### Supplied information
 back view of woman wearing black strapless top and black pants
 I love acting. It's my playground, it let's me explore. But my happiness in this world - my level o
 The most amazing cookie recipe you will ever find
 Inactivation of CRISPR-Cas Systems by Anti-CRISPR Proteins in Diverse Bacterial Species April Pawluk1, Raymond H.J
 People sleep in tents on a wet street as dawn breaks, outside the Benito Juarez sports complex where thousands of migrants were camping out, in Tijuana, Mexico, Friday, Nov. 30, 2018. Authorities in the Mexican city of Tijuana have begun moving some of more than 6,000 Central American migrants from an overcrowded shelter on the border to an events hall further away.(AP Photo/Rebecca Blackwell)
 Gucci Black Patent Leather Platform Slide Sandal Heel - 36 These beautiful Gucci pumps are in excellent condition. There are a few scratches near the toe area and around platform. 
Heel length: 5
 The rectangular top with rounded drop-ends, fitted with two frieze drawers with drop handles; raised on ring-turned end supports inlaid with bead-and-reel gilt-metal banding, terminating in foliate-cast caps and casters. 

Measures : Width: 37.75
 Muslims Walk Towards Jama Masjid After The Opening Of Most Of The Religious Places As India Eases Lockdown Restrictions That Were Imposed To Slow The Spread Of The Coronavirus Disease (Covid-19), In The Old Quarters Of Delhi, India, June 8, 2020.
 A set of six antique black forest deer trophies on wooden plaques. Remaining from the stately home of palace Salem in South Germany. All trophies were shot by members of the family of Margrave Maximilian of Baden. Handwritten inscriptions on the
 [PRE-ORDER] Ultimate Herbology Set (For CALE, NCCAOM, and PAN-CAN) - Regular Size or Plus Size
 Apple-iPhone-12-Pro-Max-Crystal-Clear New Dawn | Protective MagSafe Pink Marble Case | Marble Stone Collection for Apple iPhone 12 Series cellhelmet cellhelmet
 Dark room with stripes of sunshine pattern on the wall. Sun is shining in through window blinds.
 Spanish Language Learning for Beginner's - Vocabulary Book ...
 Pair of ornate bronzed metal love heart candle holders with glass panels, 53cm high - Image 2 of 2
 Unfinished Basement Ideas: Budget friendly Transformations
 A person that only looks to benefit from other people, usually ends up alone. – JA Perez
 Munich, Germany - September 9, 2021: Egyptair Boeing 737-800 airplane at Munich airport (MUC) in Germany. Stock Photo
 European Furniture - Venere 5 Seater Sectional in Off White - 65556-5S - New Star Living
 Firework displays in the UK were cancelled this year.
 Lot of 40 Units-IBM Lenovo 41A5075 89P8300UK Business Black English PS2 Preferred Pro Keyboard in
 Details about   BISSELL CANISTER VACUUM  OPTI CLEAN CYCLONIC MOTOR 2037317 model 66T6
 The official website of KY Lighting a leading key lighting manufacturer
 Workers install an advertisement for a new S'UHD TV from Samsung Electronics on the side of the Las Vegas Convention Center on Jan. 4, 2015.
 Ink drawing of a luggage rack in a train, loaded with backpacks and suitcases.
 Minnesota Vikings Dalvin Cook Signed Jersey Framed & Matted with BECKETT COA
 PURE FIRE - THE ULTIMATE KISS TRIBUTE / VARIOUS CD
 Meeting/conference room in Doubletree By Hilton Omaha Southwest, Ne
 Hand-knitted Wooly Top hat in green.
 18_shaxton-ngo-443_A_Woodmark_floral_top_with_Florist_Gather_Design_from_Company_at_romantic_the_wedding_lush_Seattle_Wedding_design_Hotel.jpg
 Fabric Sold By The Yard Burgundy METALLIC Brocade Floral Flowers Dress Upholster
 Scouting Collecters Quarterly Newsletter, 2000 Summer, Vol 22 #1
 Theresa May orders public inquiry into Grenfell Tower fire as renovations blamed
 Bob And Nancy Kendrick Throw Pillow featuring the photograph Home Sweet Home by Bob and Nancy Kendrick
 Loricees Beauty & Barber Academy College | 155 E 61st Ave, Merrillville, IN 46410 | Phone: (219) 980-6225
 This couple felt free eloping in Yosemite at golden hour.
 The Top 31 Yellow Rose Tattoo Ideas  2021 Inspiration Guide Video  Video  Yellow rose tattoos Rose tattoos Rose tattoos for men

### Task details
The answer must consist of every line above that holds the string "Ideas", copied exactly.

### Response to the task
 Unfinished Basement Ideas: Budget friendly Transformations
 The Top 31 Yellow Rose Tattoo Ideas  2021 Inspiration Guide Video  Video  Yellow rose tattoos Rose tattoos Rose tattoos for men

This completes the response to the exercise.